This house in Cologne by SMO Architektur adopts two contradicting architectural theories: the open-plan lower floor references Le Corbusier's Plan Libre, while the multi-roomed upper floor follows the principles of Adolf Loos' Raumplan.
Corbusier's Plan Libre, published in the book Vers Une Architecture in 1923, advocated spaces free from walls and partitions, so the living room, dining room and kitchen of this house occupy a single space on the ground floor, surrounded by glass walls that open it out to the garden.
By contrast, the top floor follows Loos' 1930s concept of Raumplan, where each room is designed for a specific purpose, with different proportions and ceiling heights.
Plan Libre and Raumplan are two of the most influential Twentieth Century approaches to domestic architecture yet represent very different approaches to the same problem. Architecture writer Max Risselada compared the two philosophies in his book Raumplan versus Plan Libre, first published in 1987 but recently reissued.

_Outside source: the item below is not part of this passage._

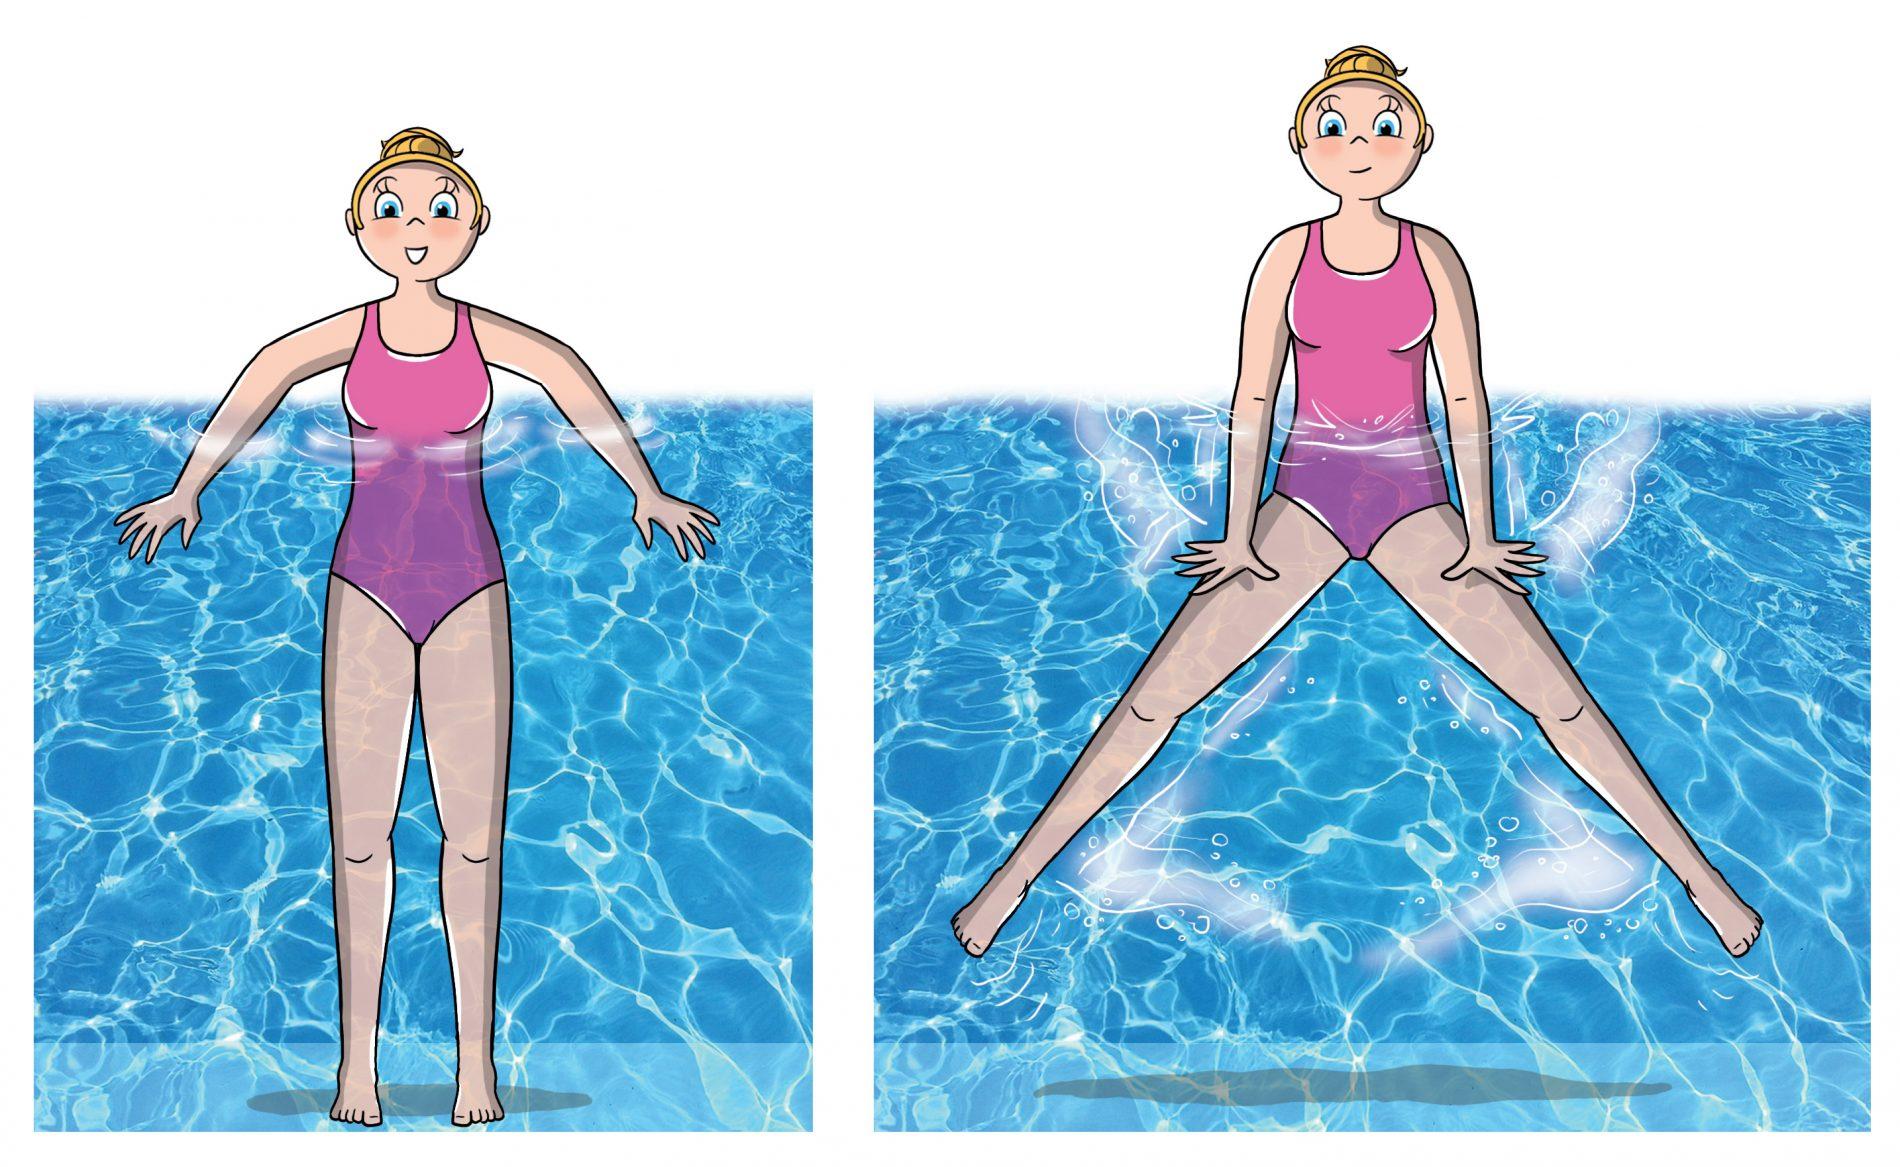 Ginnastica in acqua: illustrazioni

"In this house we unite the two opposing attitudes to architecture to combine the two contrary basic needs of humanity," architect Seyed Mohammad Oreyzi told Dezeen. "On one side is the extrovert, that strives for liberty and the life in nature, and on the other side is the introvert, which yearns for the feeling of security and contemplation."
We've featured a couple of projects influenced by the Raumplan on Dezeen, including a housing development in the Netherlands and an apartment in Australia.

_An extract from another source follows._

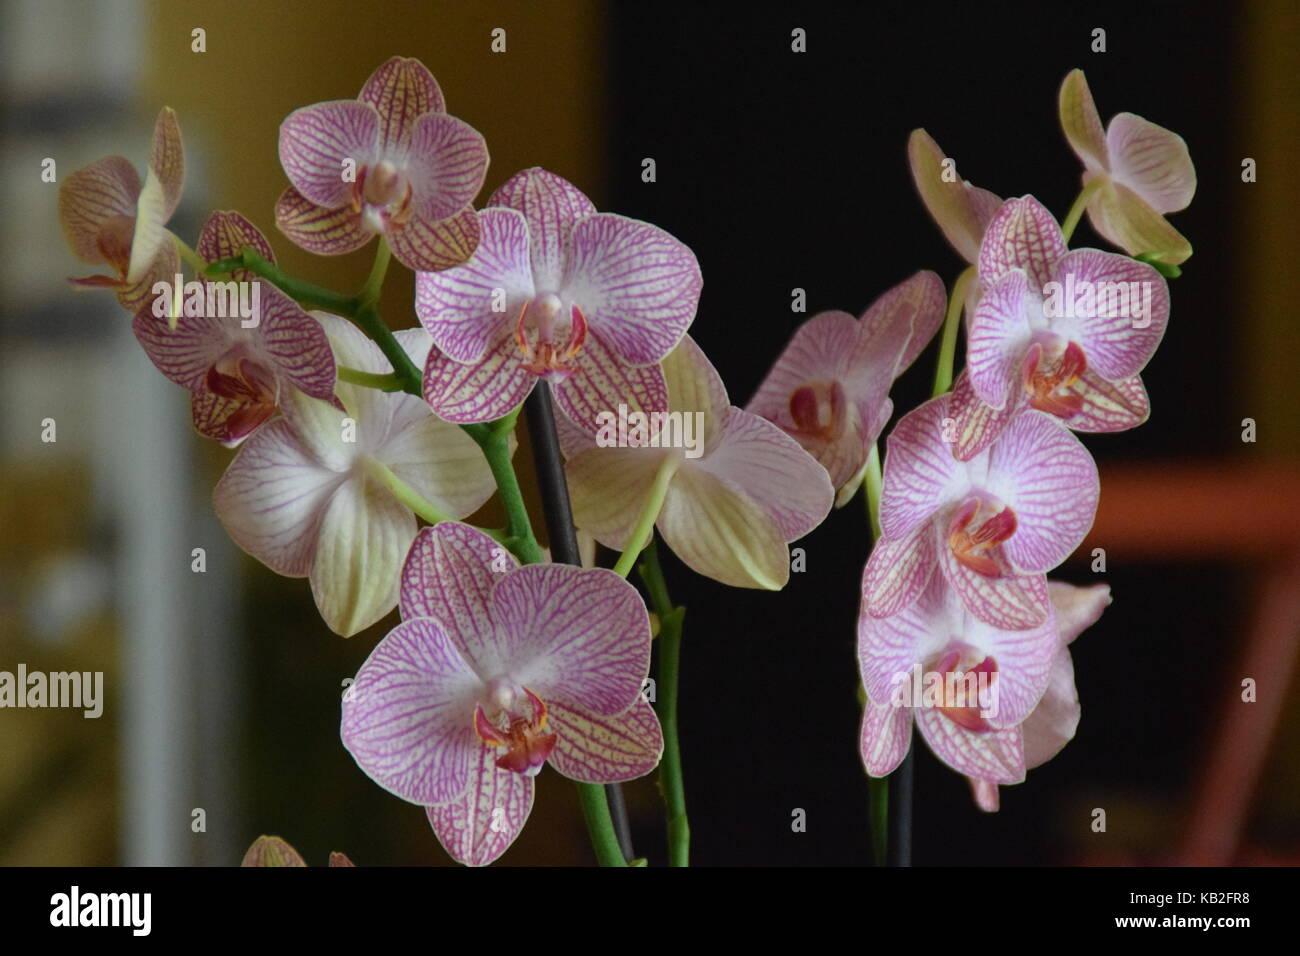 Orchid - Orquidea - Stock Image

Meanwhile, the open-plan arrangement of the Plan Libre has been adopted as a common style by architects ever since.
White-plastered walls surround the cluster of rectilinear volumes that make up the upper floor, which also features square windows of three different sizes.
A bridge connects the top floor of the house with the street, so residents enter at this level and work their way down rather than up.
Photography is by Rainer Mader.
Here's a full description of the project from SMO Architektur:
Cloud² represents flexible room designs. It is customized to the client's requests - living areas for the second period of life without children were created, which integrate the charm of a historical building into a new construction.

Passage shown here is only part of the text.